Il Palazzo sconfigge il Paese. La Sinistra riparta da Rodotà.

C'erano due strade. Una semplice: il Pd avrebbe potuto votare Rodotà come Presidente della Repubblica, aprire una interlocuzione con quel pezzo d'Italia che, in questi anni, ha sostenuto il referendum sui beni comuni, ha combattuto il berlusconismo, si è battuto per un paese laico e per la difesa della Costituzione. Attraverso questa scelta si sarebbe potuto mettere con le spalle al muro chi aveva conquistato il consenso degli italiani per produrre un cambiamento e che invece aveva cominciato l'esperienza parlamentare limitandosi a mandare tutti a quel paese.
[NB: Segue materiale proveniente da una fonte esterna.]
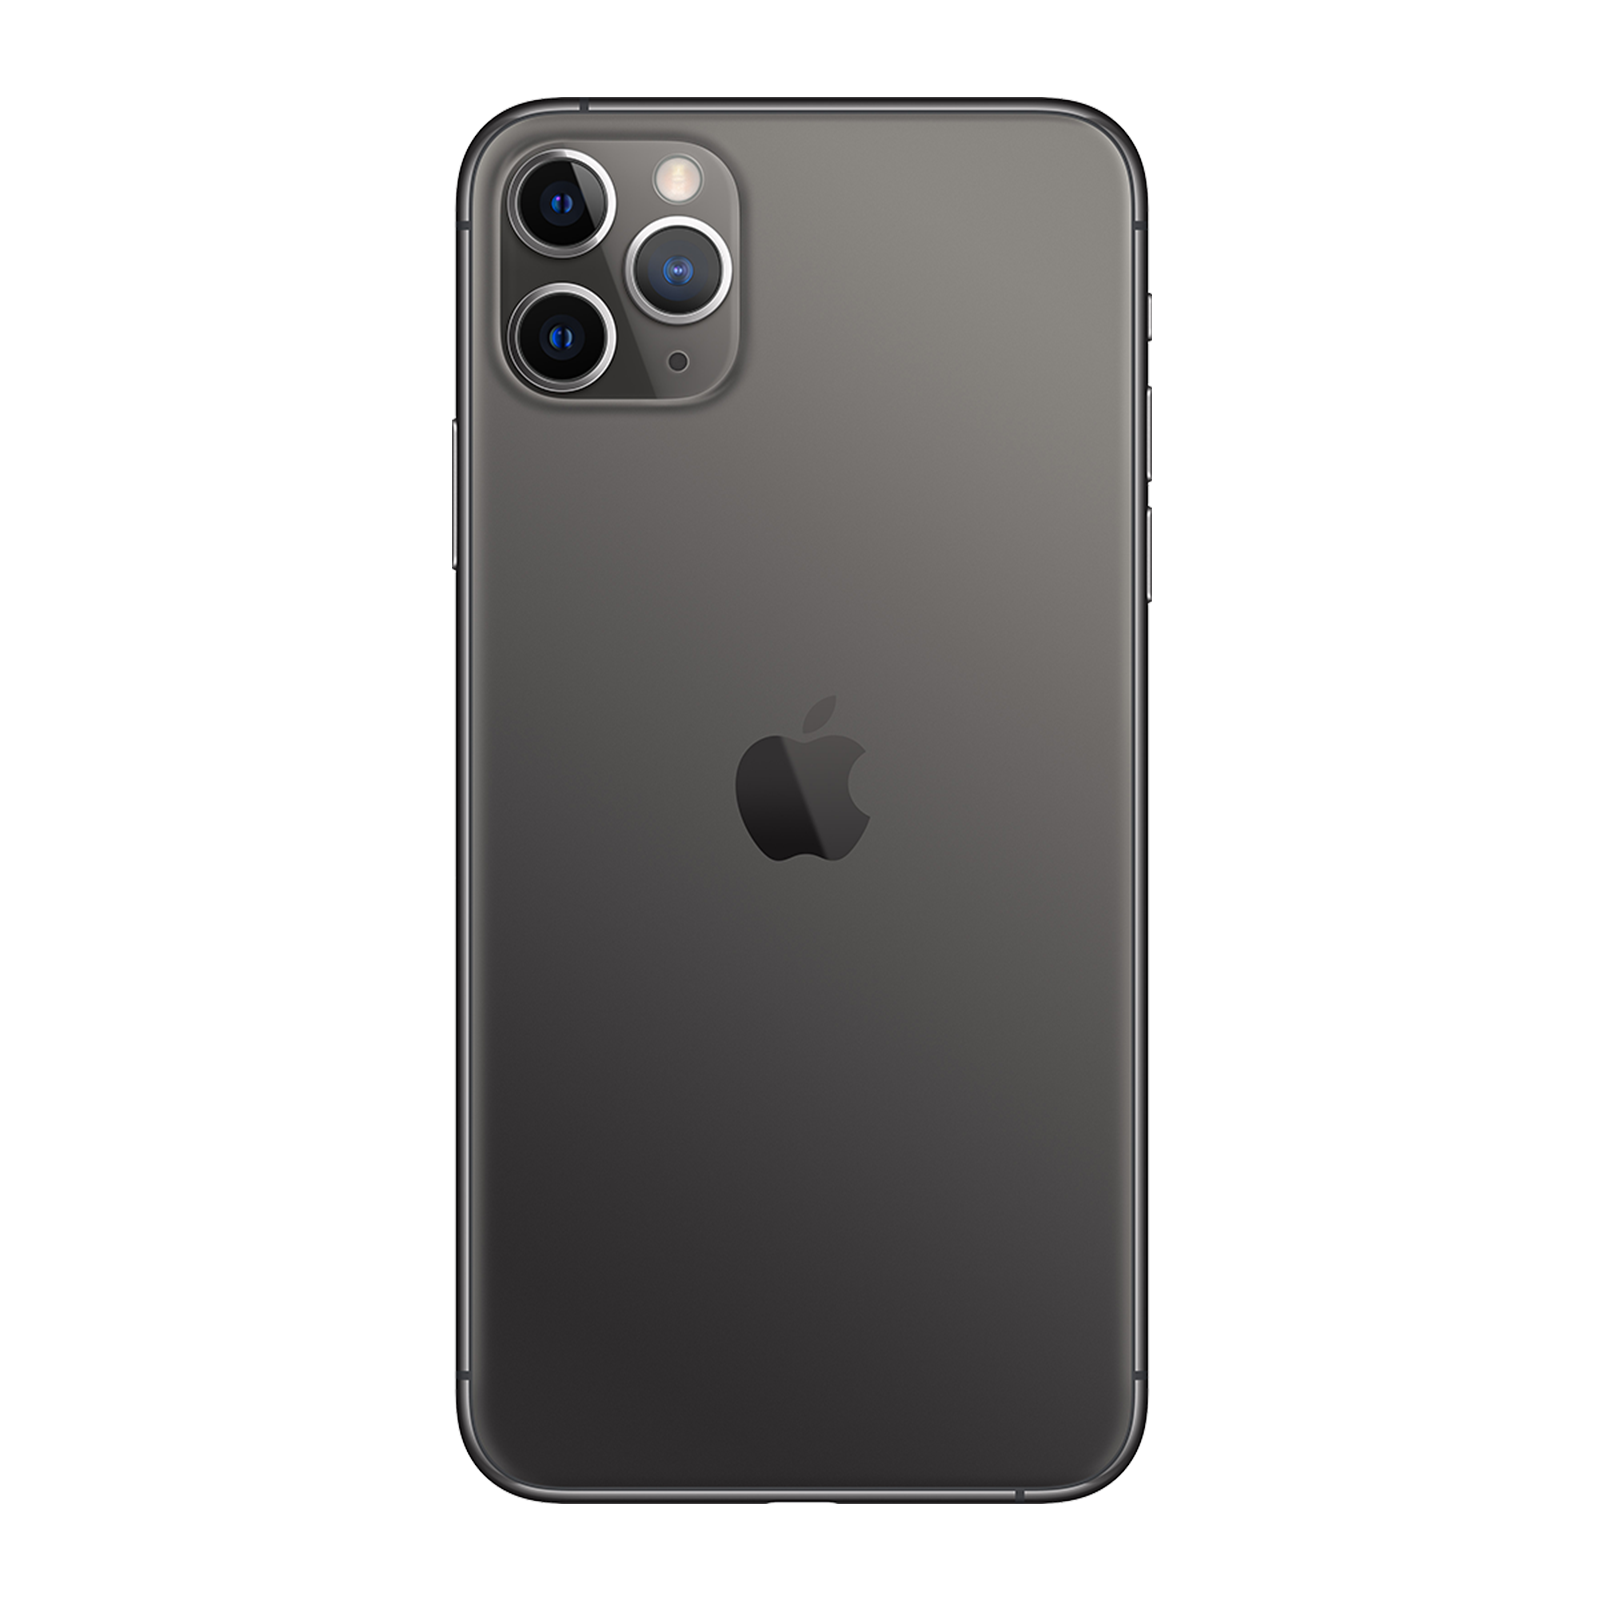 Apple iPhone 11 Pro Max 64GB Space Grey Good - Unlocked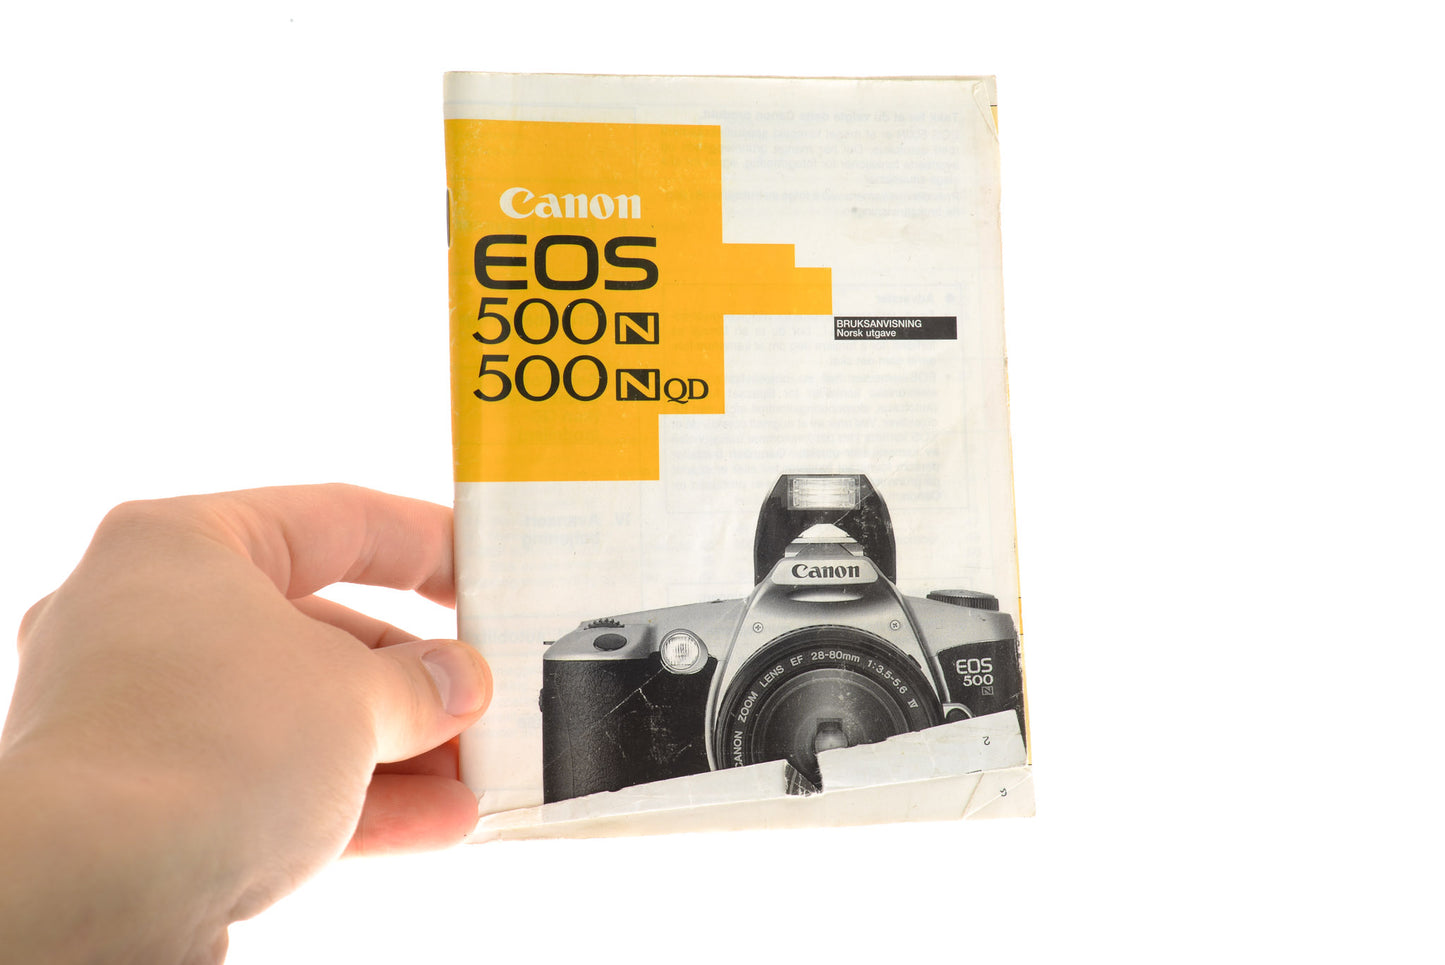 Canon EOS 500 N / 500 N QD Instructions

Insomma, si sarebbe potuto fare un governo di reale cambiamento.

Invece, dopo averlo negato per settimane, il Pd ha scelto la strada dell'accordo trasversale, del governo di grande coalizione, attraverso la rielezione alla Presidenza della Repubblica di Giorgio Napolitano, l'inventore del governo tecnico guidato da Monti che ha massacrato il Paese e rinvigorito Berlusconi.
Evidentemente si è scelta la strada del politicismo bieco, della politica senza anima che già gode all'idea dell'ennesimo governo Amato, sostenuto da destra, centro e sinistra.
E così si consegna la piazza ai nuovi populisti che con accenti neo-nazisti urlano a golpe e invitano alla riedizione di una marcia su Roma.
Il Pd ha perso l'ultima occasione per essere un partito credibile, spappolandosi e accartocciandosi, consegnando il Paese, per l'ennesima volta, ad un redivivo Berlusconi.

E la sinistra? Può ripartire da Rodotà, uomo serio, colto e di sinistra.